Sigursson subió por la escala, bisbiseó al oído de su rey y le entregó la espada de hueso de tumba de Lexa. Los ojos adornados con kohl de Valdyr por fin se cruzaron con los de ella y Lexa tuvo que obligarse a sostenerle la mirada. Incluso a casi treinta metros de distancia, podía sentir el poder que irradiaba aquel hombre. Una intensidad salvaje, sanguinaria, que hacía meros niños de los hombres que lo rodeaban. Tenía un cierto atractivo, eso al menos era innegable. Pero era un atractivo de los que te dejaban magulladuras en la piel y sangre en las sábanas. Valdyr la miró durante un largo y silencioso momento antes de curvar los labios en una sonrisa voraz.
—¿Qué decís, mi señor Verdugo? —exclamó por fin—. ¿Qué ofrenda pedís?
—Esta zorra de agua dulce ha dejado mellado a mi chico —respondió el dentudo, señalando con el mentón la boca destrozada de Monóculo—. Es suya por derecho. La rubia también. —Señaló a Aden—. Y yo me quedaré al crío en compensación por el insulto.
—¿Ah, sí, Draconero? —Valdyr sonrió y sus dientes puntiagudos destellaron.
—Con la venia de su majestad, por supuesto —dijo el capitán, bajando la mirada.
Valdyr volvió los ojos hacia Monóculo, apretando la lengua contra un afilado incisivo.
—¿En serio dejaste que esa flacucha te diera una paliza, chico? Vergüenza me daría si fueses vástago mío.
Monóculo bajó la mirada y le ardieron las mejillas mientras se propagaba una risilla por todo el salón. Valdyr sopesó la espada de hueso de tumba de Lexa. Pasó sus ojos verdes como cuchillos de arriba abajo por la hoja, y luego de arriba abajo por el cuerpo de su propietaria. La sonrisa del rey atenazó el estómago de Lexa.
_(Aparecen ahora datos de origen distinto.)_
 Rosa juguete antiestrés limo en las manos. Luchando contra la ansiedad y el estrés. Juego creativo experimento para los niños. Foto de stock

—Eclipse —susurró—, preparada.
—… SIEMPRE…
Lexa miró a Cantahojas, Wells y Carnicero y les susurró:
—Saltamos a la poza y de ahí al océano. Esa cosa del agua del agua es mejor que las cosas de aquí fuera.
Wells asintió.
—De acuerdo.
—Jodeeer… —murmuró Carnicero.
El rey Valdyr miró altivo a Monóculo y le sonrió despectivas cuchillas.
—No sabrías qué hacer con un aparejo como ese si te lo regalara, pequeñín. —Miró a Lexa de nuevo—. Me quedaré yo con la de pelo de cuervo. La rubia es para ti, Draconero. Pero yo le pondría un freno en la boca y hierros en las muñecas antes de dejar que tu cachorro se le acerque. Llévate también al niño si quieres. —Señaló a Lincoln, aún tendido en el suelo de piedra—. Llevad a ese abajo para que Aleo le eche un vistazo. Enviad a la dweymeri y al liisiano a las Torres Espinadas. —Un gesto perezoso hacia la poza—. El alto se lo podéis echar a Dona, que hace semanas que no prueba a ningún itreyano.
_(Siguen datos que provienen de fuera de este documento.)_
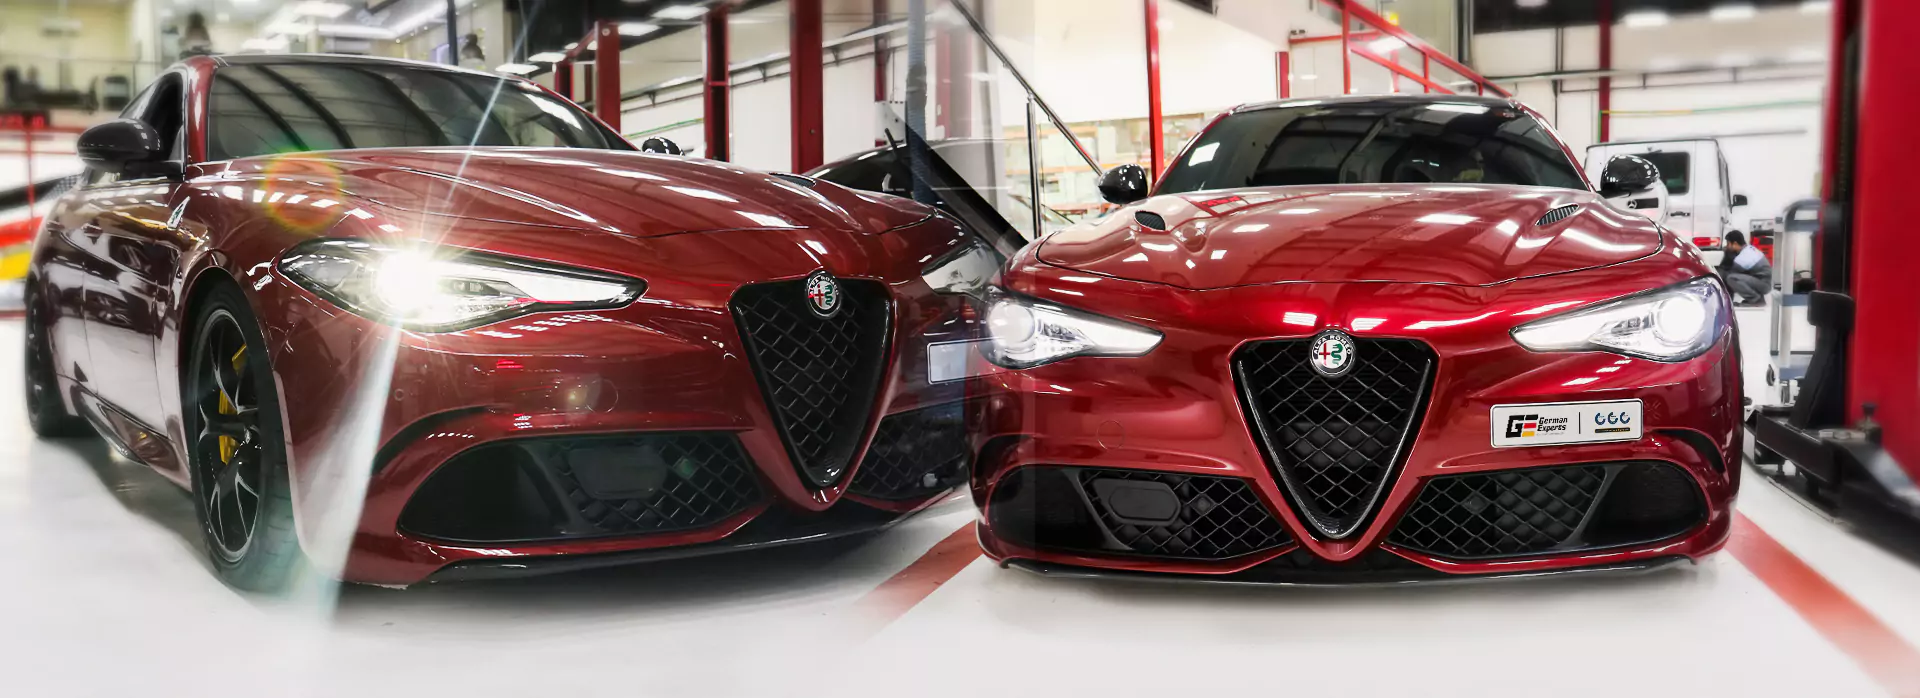 Alfa Romeo Repair Dubai

Lexa tenía el corazón acelerado. Las sombras ondeaban a su alrededor.
—Agárrate a mí —susurró al oído de Aden—. Ciega a todo el que se acerque.
—Lo…, lo intentaré.
Lexa apretó la mano de Clarke.
—No te separes de mí, amor.
No tenía ni idea de qué hacer con Lincoln. Ni idea de qué hacer con la leviatán que los esperaba en aquella poza. Ni idea de si llegarían siquiera hasta el agua ni de adónde irían si salían al océano. Estaba desarmada a excepción de la daga de puño de cinco centímetros que llevaba en el tacón y de las sombras, que se retorcían y se ondulaban en torno a ella. Notó que un wulfguardia le agarraba el hombro. Su mano se cerró en un puño.
—¡Alto, alto! —llegó un grito—. ¿Qué refriega es esta?
La manada de malhechores que había cerca de la puerta se separó y Lexa notó una vertiginosa oleada de alivio. El recién llegado compuso una sonrisa de cuatro bastardos y se dejó caer a una reverencia que habría puesto en evidencia al cortesano más refinado de cualquier Francisco, desde el I hasta el XV.
—Majestad —dijo. Nube Corleone lanzó a Lexa un guiño de soslayo y susurró—: Siento llegar tarde.